The task:
The output should be the listing below, limited to the lines from the one with "NextRoll-logo.png" through the one with "(STAR) Department of Civil Engineering", exact and without pictures.
--- Information Enclosed Below ---
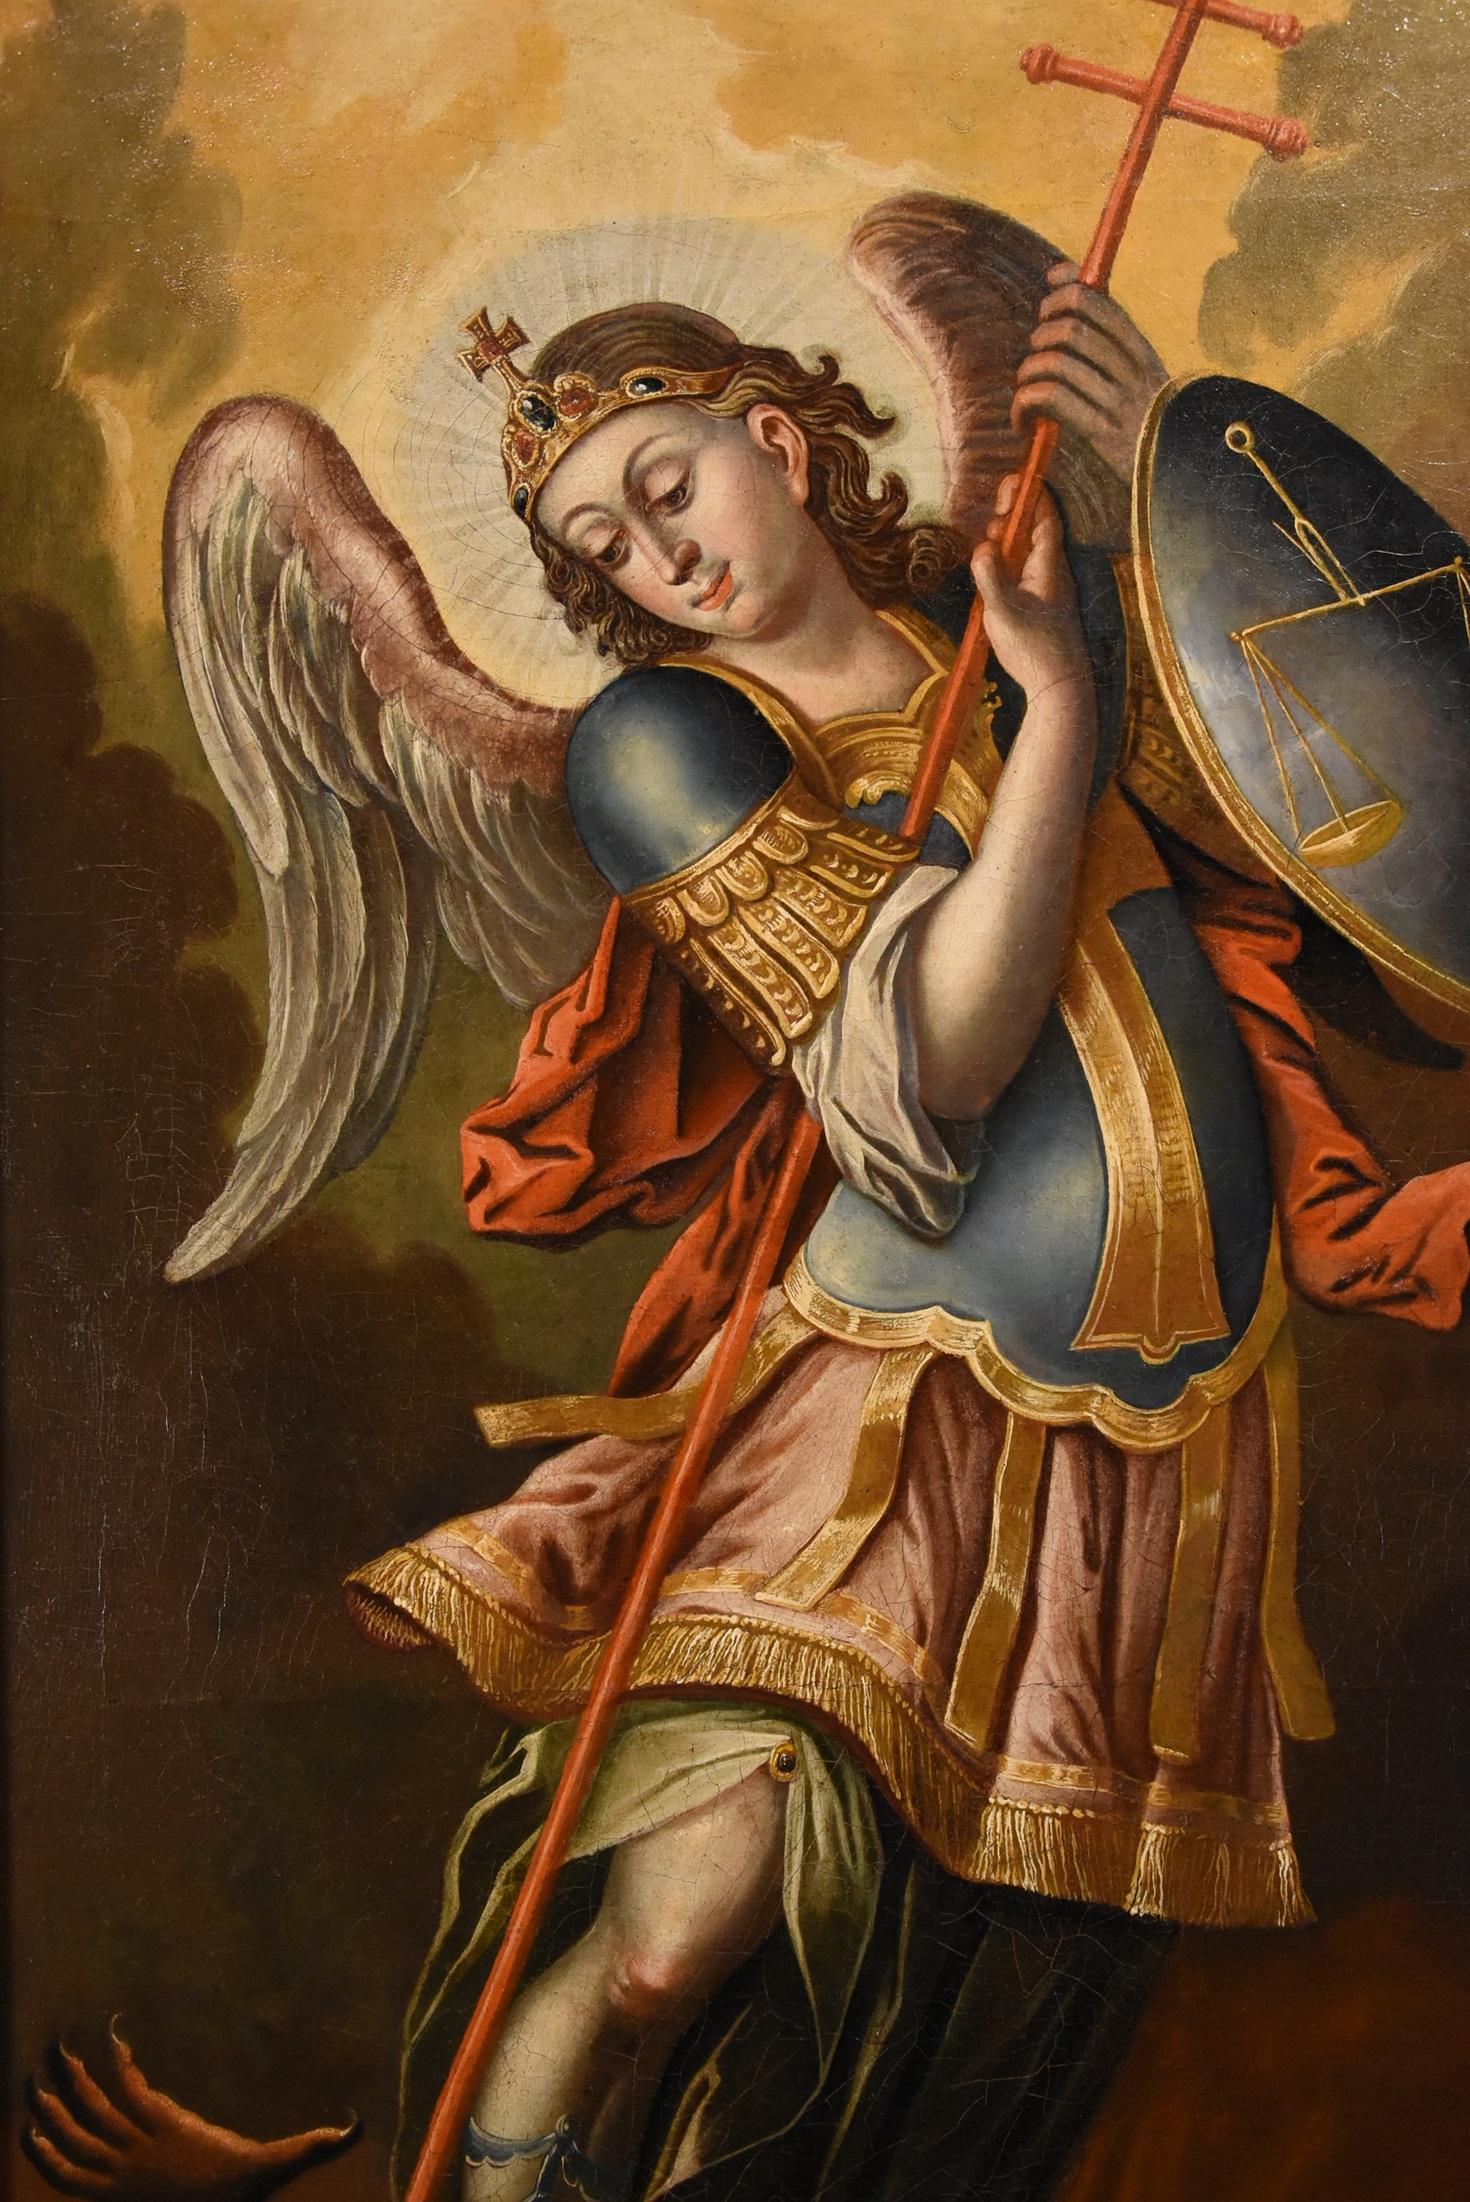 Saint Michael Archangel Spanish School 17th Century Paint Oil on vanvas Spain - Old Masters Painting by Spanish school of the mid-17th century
--- End of Enclosed Information ---
--- Information Enclosed Below ---
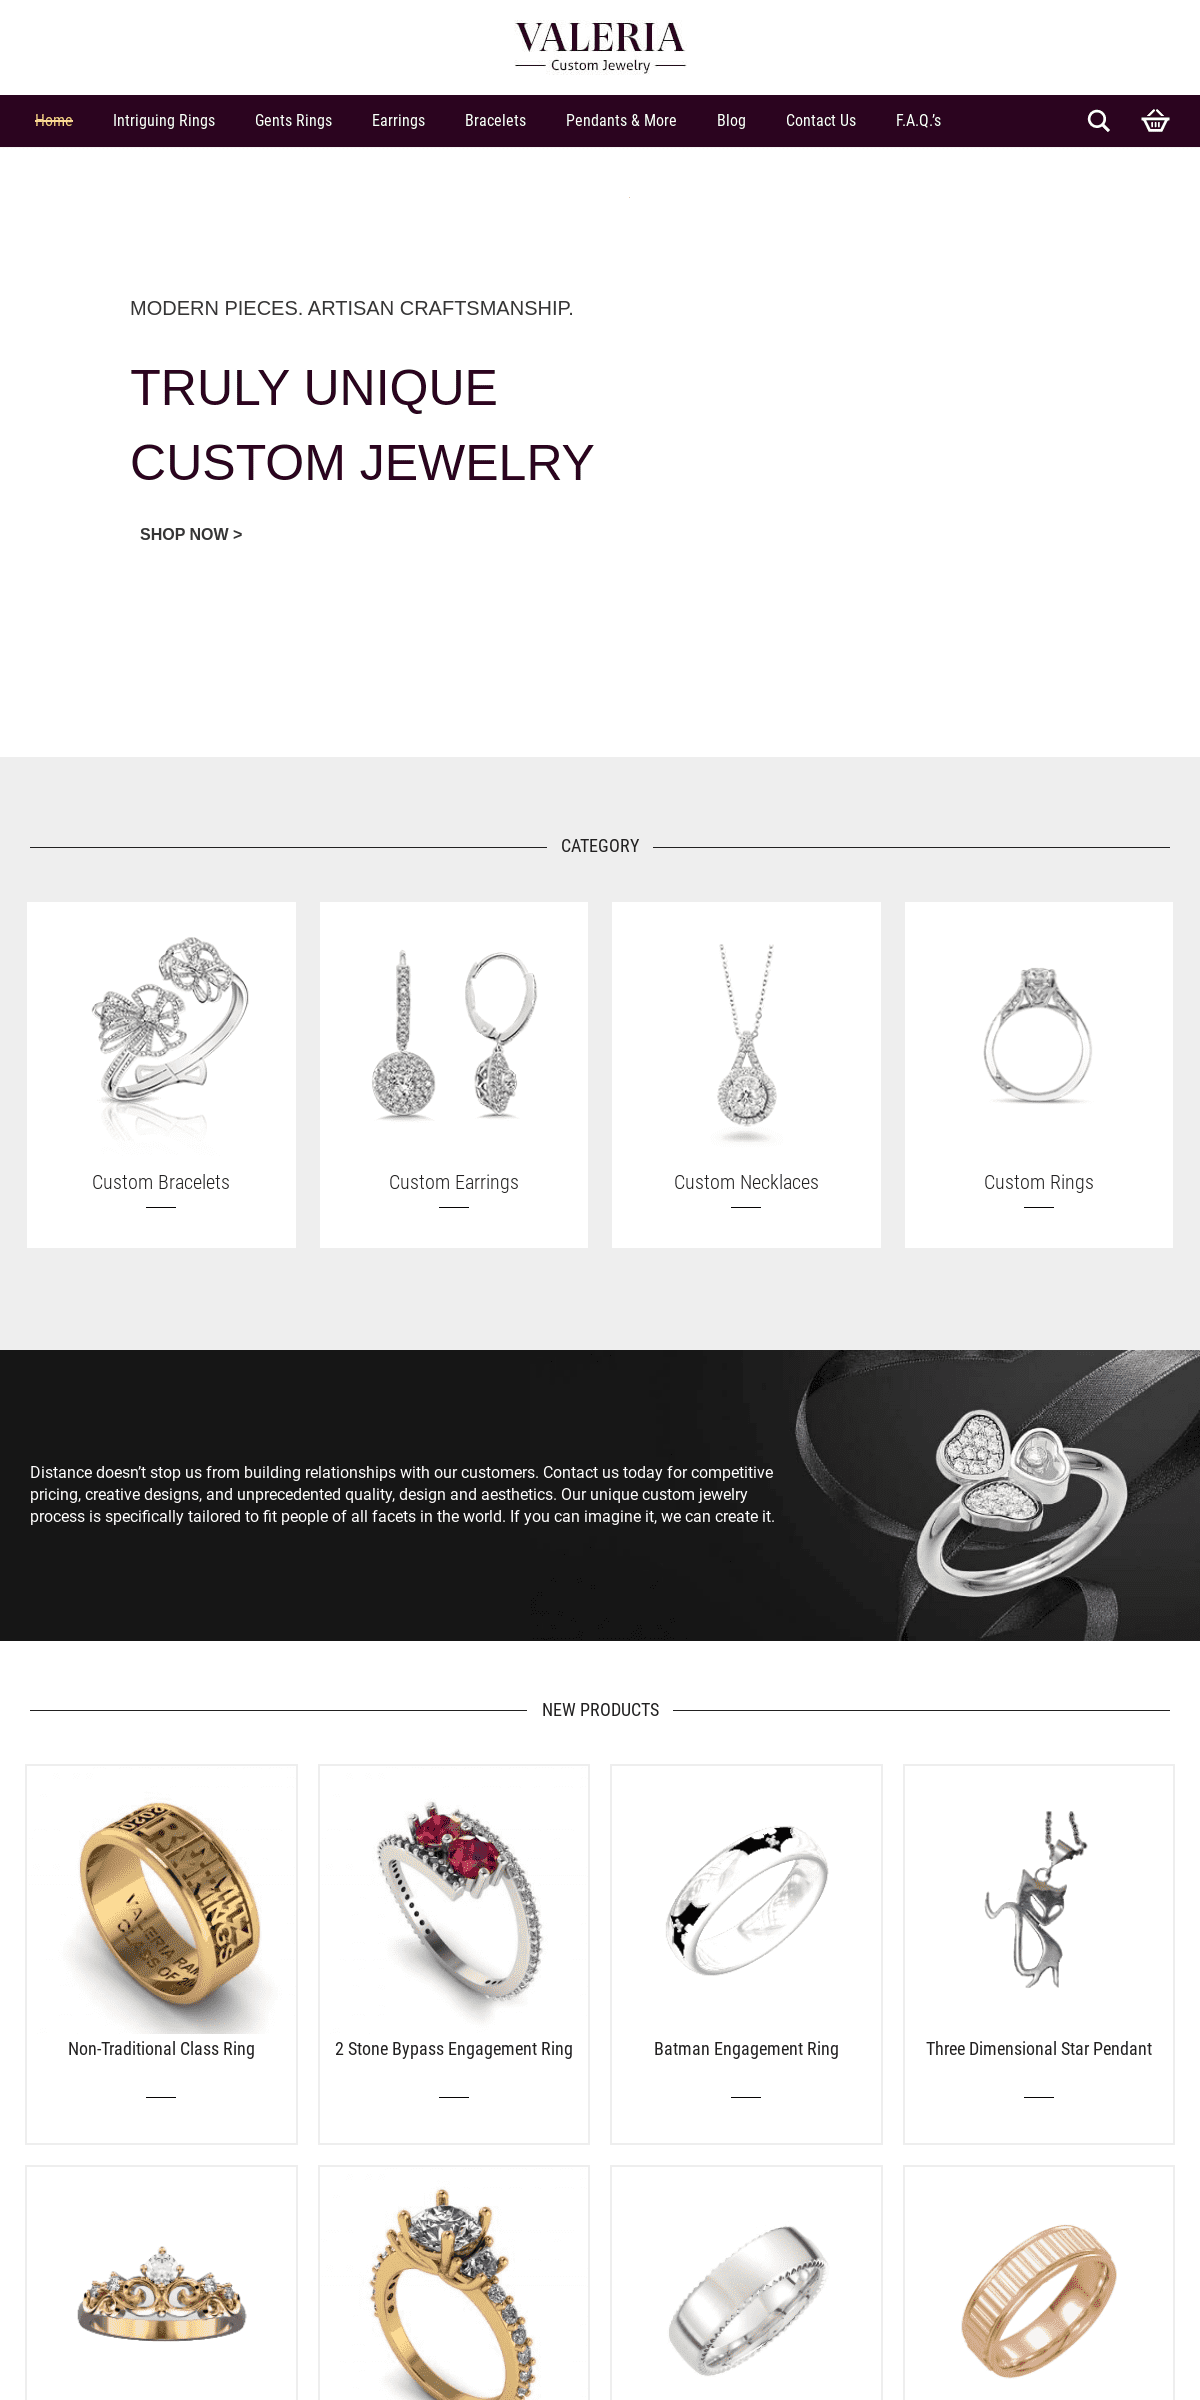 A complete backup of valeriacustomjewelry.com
--- End of Enclosed Information ---
--- Information Enclosed Below ---
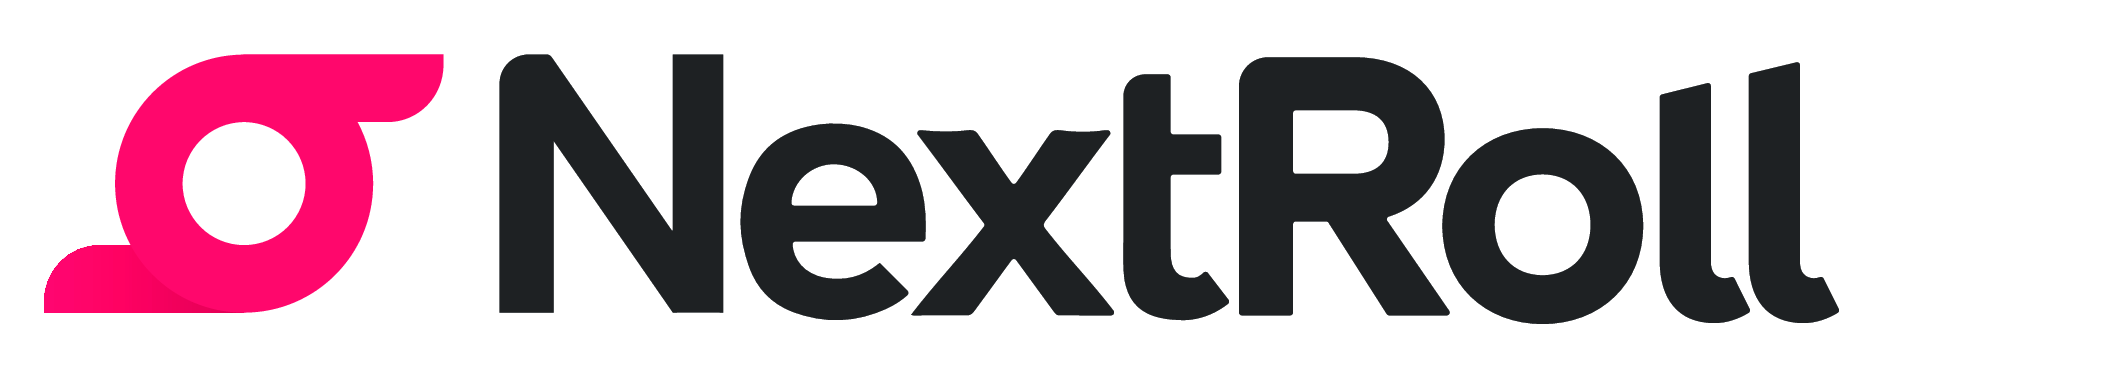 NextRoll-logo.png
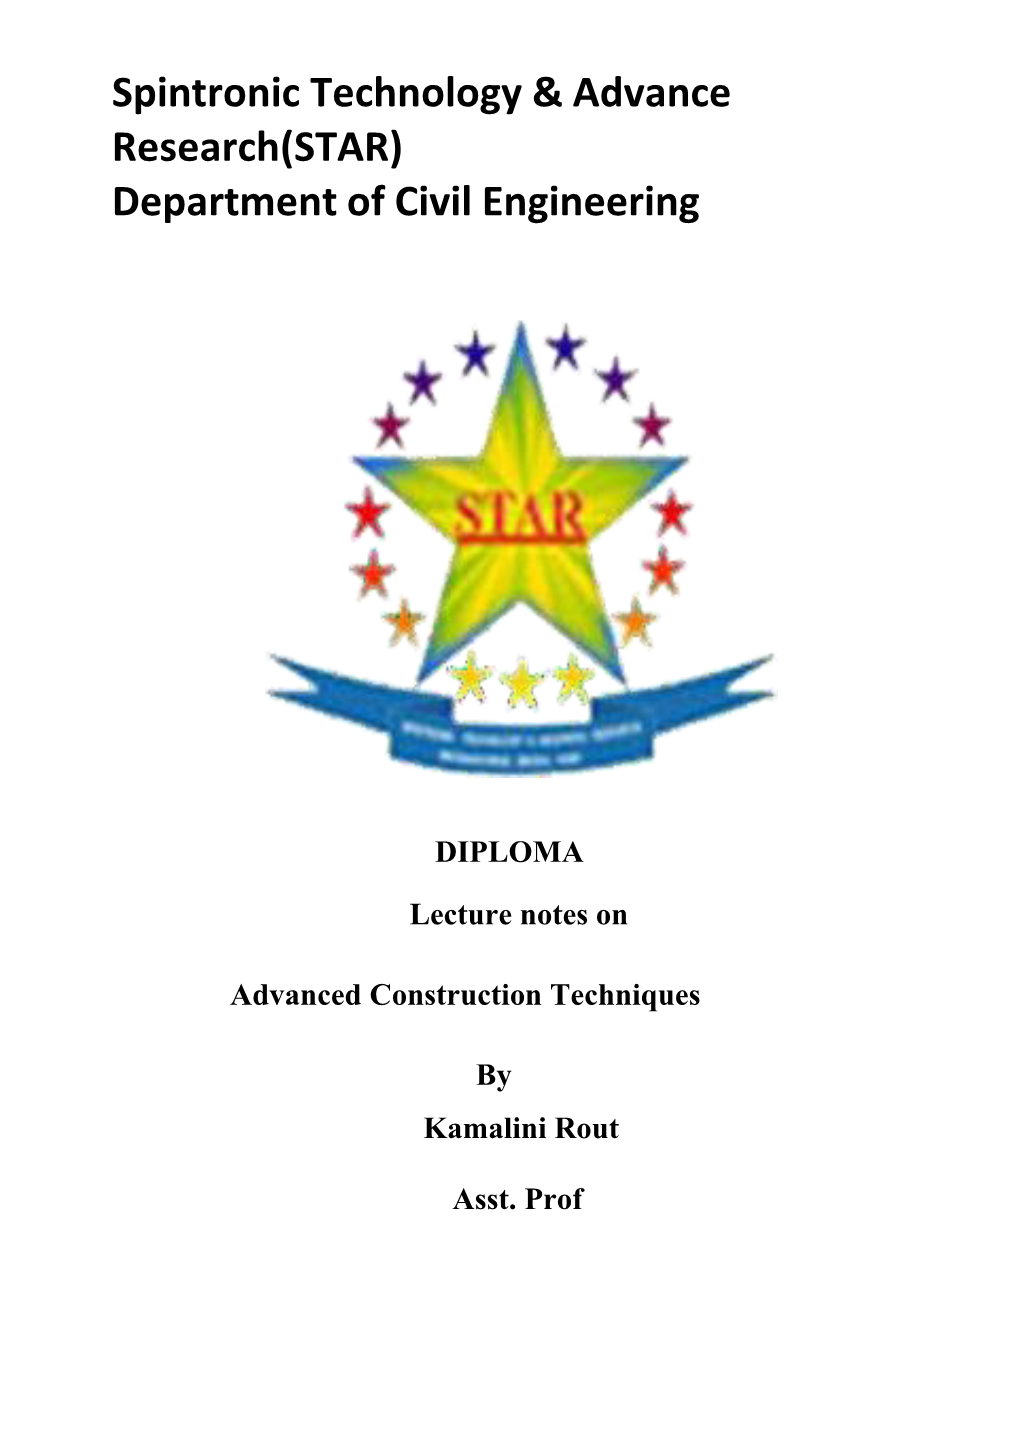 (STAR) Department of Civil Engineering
--- End of Enclosed Information ---
Task output:
 NextRoll-logo.png
 (STAR) Department of Civil Engineering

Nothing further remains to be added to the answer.